If you really need to pass complex objects, you could also pickle the object and only pass the file name.

## Default configuration

You can set up a default configuration in `~/.slurminade_default.json`.
This should simply be a dictionary of arguments for *simple_slurm*.
For example
```json
{
  "partition": "alg"
}
```

## Debugging

You can use
```python
import slurminade

slurminade.set_dispatcher(slurminade.TestDispatcher())
```
to see the serialization or
```python
import slurminade
slurminade.set_dispatcher(slurminade.SubprocessDispatcher())
```
to distribute the tasks without slurm using subprocesses.
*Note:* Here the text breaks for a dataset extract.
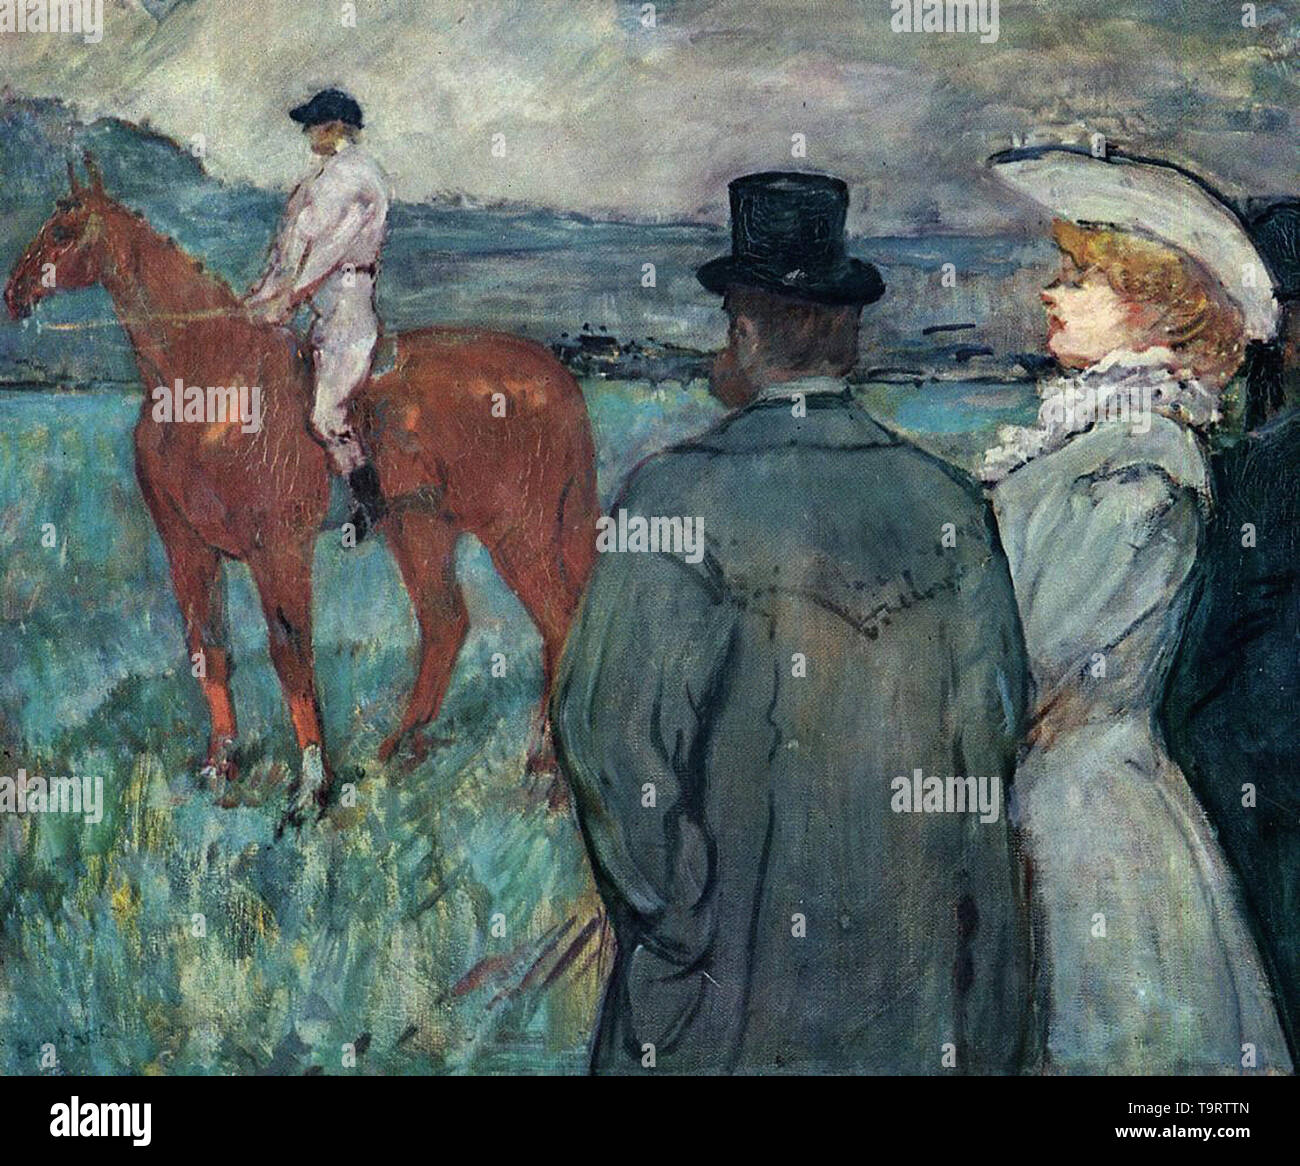 Henri de Toulouse-Lautrec - at races 1899 - Stock Image
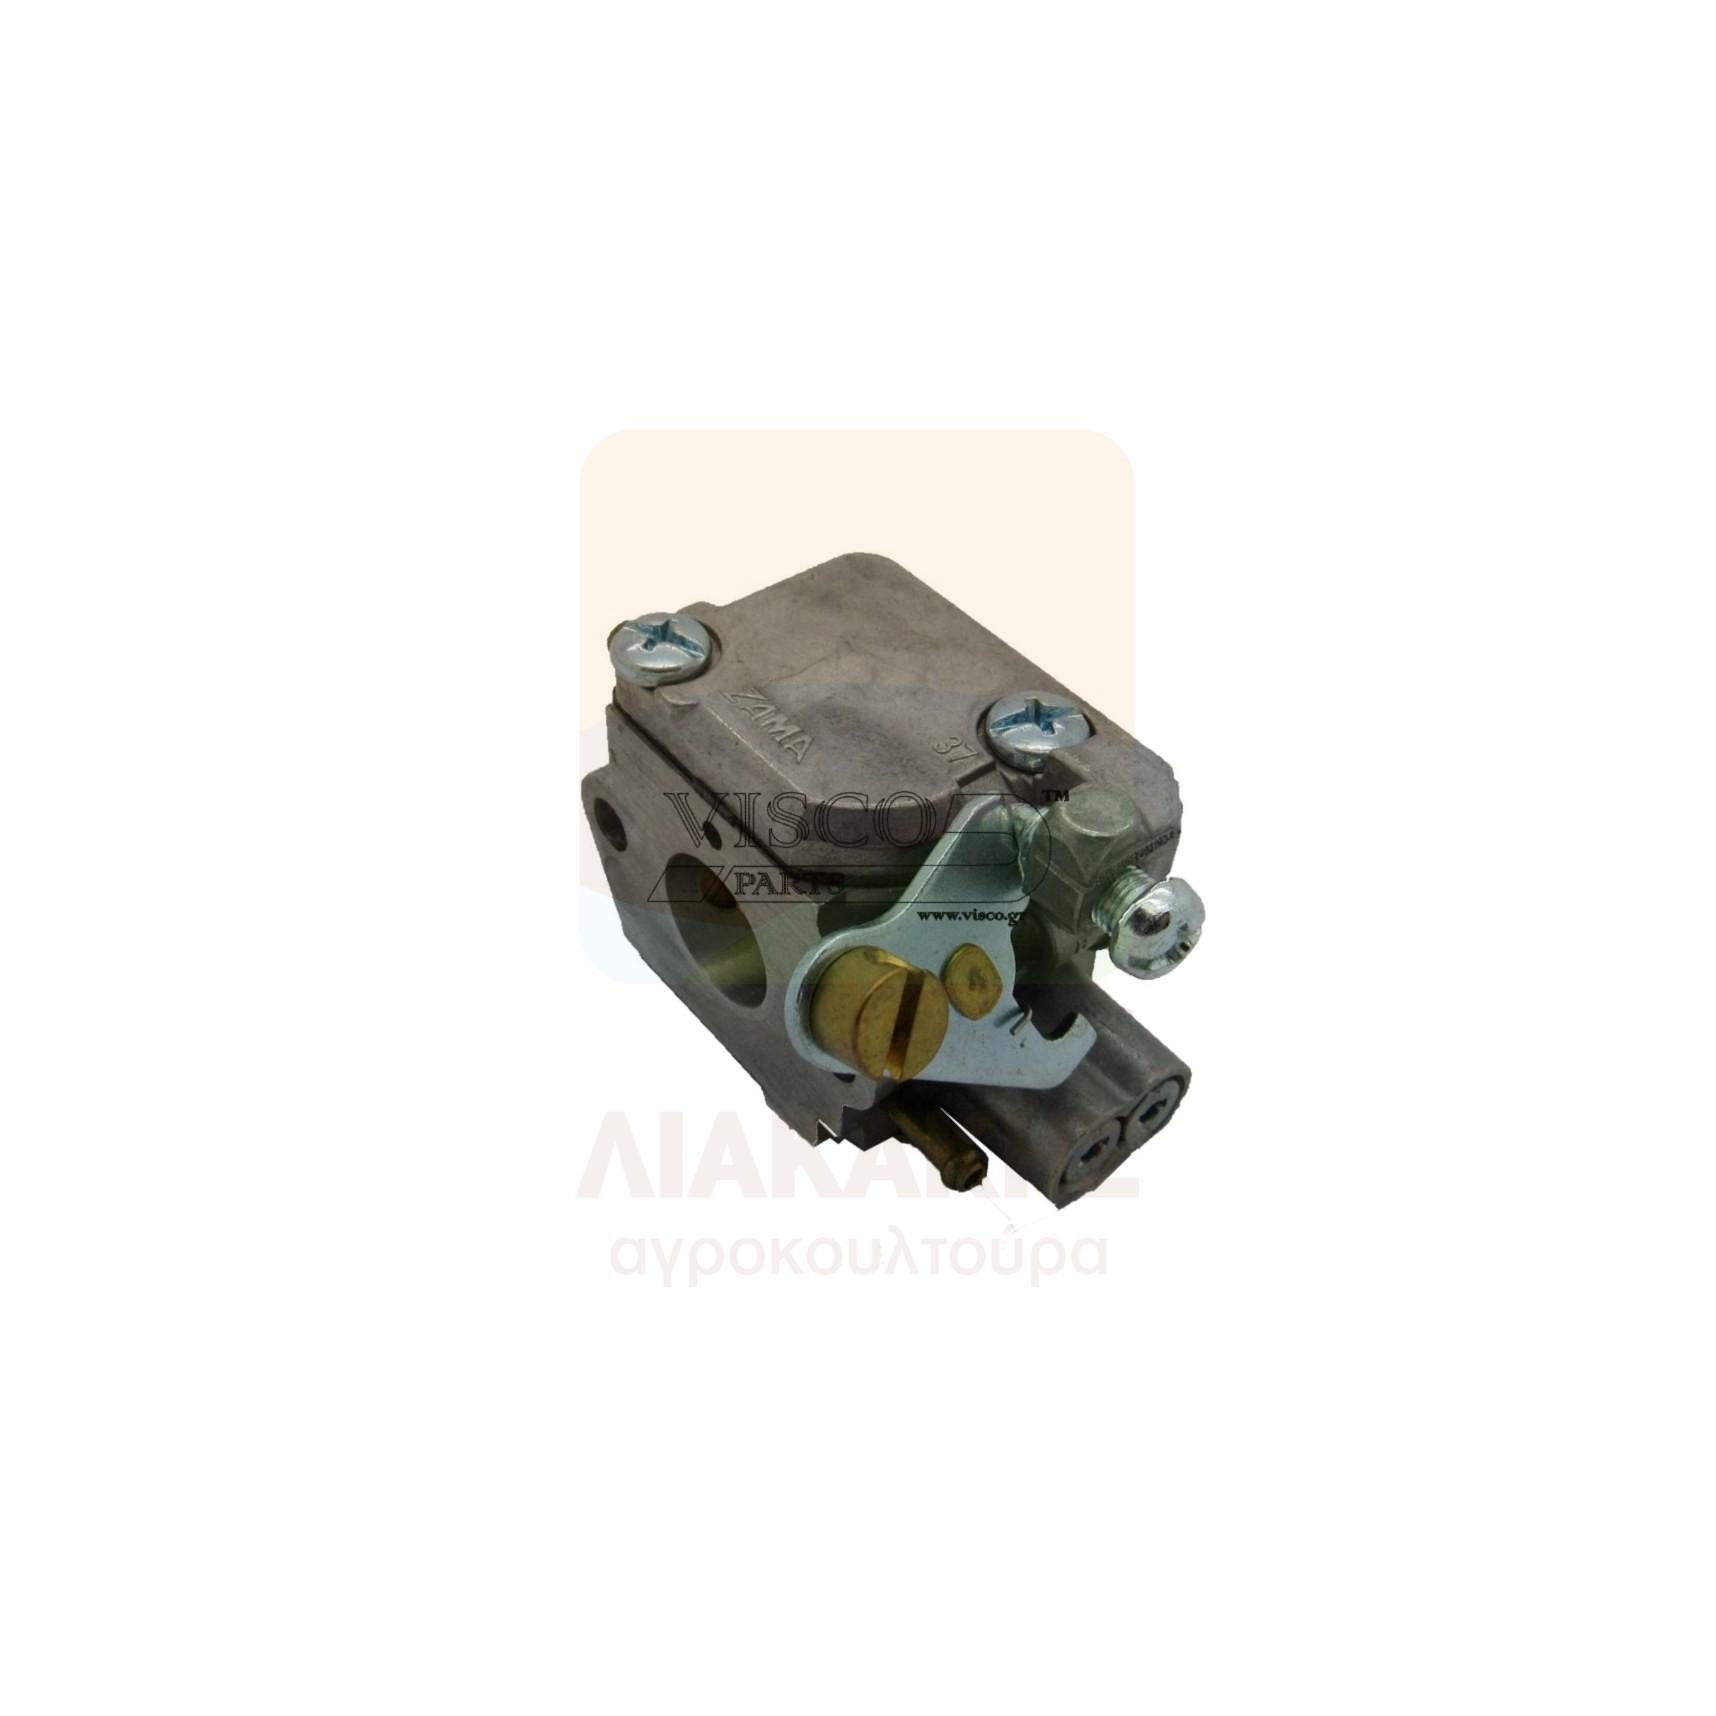 ΚΑΡ-055 Καρμπυρατέρ OLEOMAC SPARTA 37-42- EFCO STARK 37-42 ZAMA ORIGINAL

If there is a bug, you will directly see it in the output (at least for most bugs).


## Project structure

The project is reasonably easy:

- batch.py: Contains code for bundling tasks, so we don't spam slurm with too many.
- conf.py: Contains code for managing the configuration of slurm.
- dispatcher.py: Contains code for actually dispatching tasks to slurm.
- execute.py: Contains code to execute the task on the slurm node.
- function.py: Contains the code for making a function slurm-compatible.
- function_map.py: Saves all the slurmified functions.
- guard.py: Contains code to prevent you accidentally DDoSing your infrastructure.
- options.py: Contains a simple data structure to save slurm options.

## Changes

* 0.5.3: Fixed a bug that caused the dispatch limit to have no effect.
* 0.5.2: Added pyproject.toml for PEP compliance
* 0.5.1: `Batch` will now flush on delete, in case you forgot.
* 0.5.0:
  * Functions now have a `wait_for`-option and return job ids. 
  * Braking changes: Batches have a new API.
    * `add` is no longer needed.
    * `AutoBatch` is now called `Batch`.
  * Fundamental code changes under the hood.
* <0.5.0:
  * Lots of experiments on finding the right interface.